Some would argue also, that the new government of South Africa has made a hash of running the country. It has been dogged by corruption, and scandal amongst the members of government. There are accusations of nepotism. There is the taint of "getting square" with some of the policies coming from the government, particularly those which target white South Africans.

The thing is - corruption, nepotism, scandal - these are all classic symptoms of an inexperience government. Absolute power corrupts absolutely. My home state of Queensland took a country farmer, shoehorned him into the position of Premier, and now wonders why he ran parliament as if it was his own private pub meeting. That was the only way he knew how to operate. Not for him the decorum of Westminster, rather, the favours and greased palms of Western Queensland.

Yet, the accusation of incompetence dies in the mouths of those in South Africa, who would level it against their government. And finally, belatedly, I get to the answer of my original question.

Yes, there is something wrong with South Africa. It is that the country is afraid to criticise the government, because it believes that to criticise the government is to endorse apartheid. South Africa has created an environment where if a white person stands up to the government and says that they have made a mess of it, that they are corrupt, that they have failed - it is to be read between the lines that this person is advocating a return to apartheid.

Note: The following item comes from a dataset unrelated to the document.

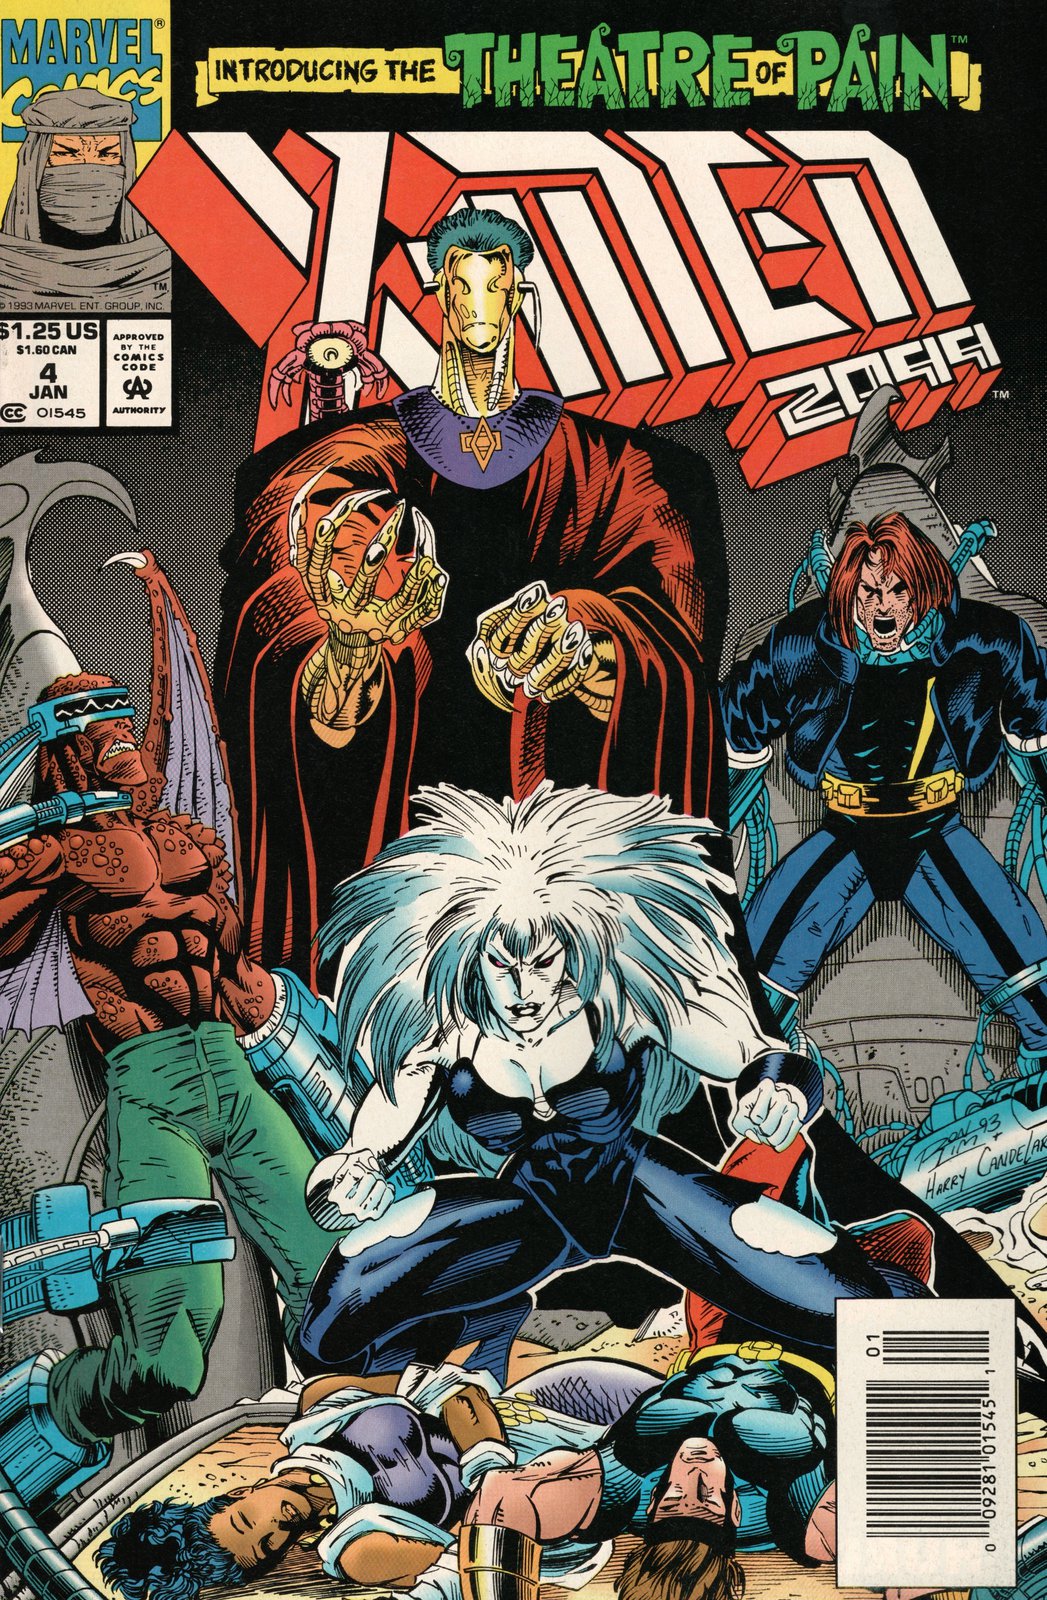 X-Men 2099 #4 Newsstand Cover (1993-1996) Marvel Comics

Even when that is not the case.

I honestly don't believe South Africa will move on, ever, until it gains enough national confidence, and self-respect, to understand that criticising the present, isn't about returning to the past. It's about being able to create a better future. South Africa has so much to offer the world, and so much to give - it would be a shame indeed to see such a wonderful country fail to deliver on it's future promise, purely because it felt unable to move on from a dark and distant time in it's past.

3 Comments:

At 3:36 am, Anonymous Anonymous said...

Paul you didn't mention anything about the upcoming cricket event where the sth africans are ranked no. 1. Are they going to live up to their ranking?
Enjoy your blog
Tom

 
At 4:30 am, Blogger Paul Dawson said...

I've been having this discussion with a South African guy in the office - I personally think they can win it, but he's not so confident.

Most South Africans over here think they will choke, to be honest, which is a bit negative I must admit.

My money is still on Australia, but if they fall short, South Africa is my tip.

 
At 4:08 pm, Anonymous Anonymous said...

In kenya, you got 75% unemployment, and of those 25% of people that are actually employed, the average wage is 100 USD a month.

The diplomats/government officials are so far up themselves they literally shut down niarobi international airport for 45 minuts whiles some 2 bit government official landed in his parivate plane and was whisked away from the airport in a limo with a police escort, complete with little kenyan flags flying from the bonnet.

Methinks that the problems are not just confined to south africa. in a fundamentally unstable country, no major international company wants to invest, because why put down millions of dollars in manufacturing, or mining if some warlord is gonna rampage through and kill everyone who doesnt have the correctly shaped ears or something.

I'm going back to kenya again, cause its what i know more about, rather then making assyumptions about other african nations...

Kenya has 2/5 of fuck all natural resources, the only resources they have is masses of unskilled labour, but no bastard wants to build anything there because its so unstable.

Home-grown from the UK has started putting the big dollars in with their high volume farms.

The regions where they are coming in are, in a very short period of time, showing massive improvement in the standard of living for the people.

I will risk much ridicule here by calling africa, as a whole, a backward nation, still stuck in the stone age and its squabbles between tribes and factions, that until they sort can never really move forward.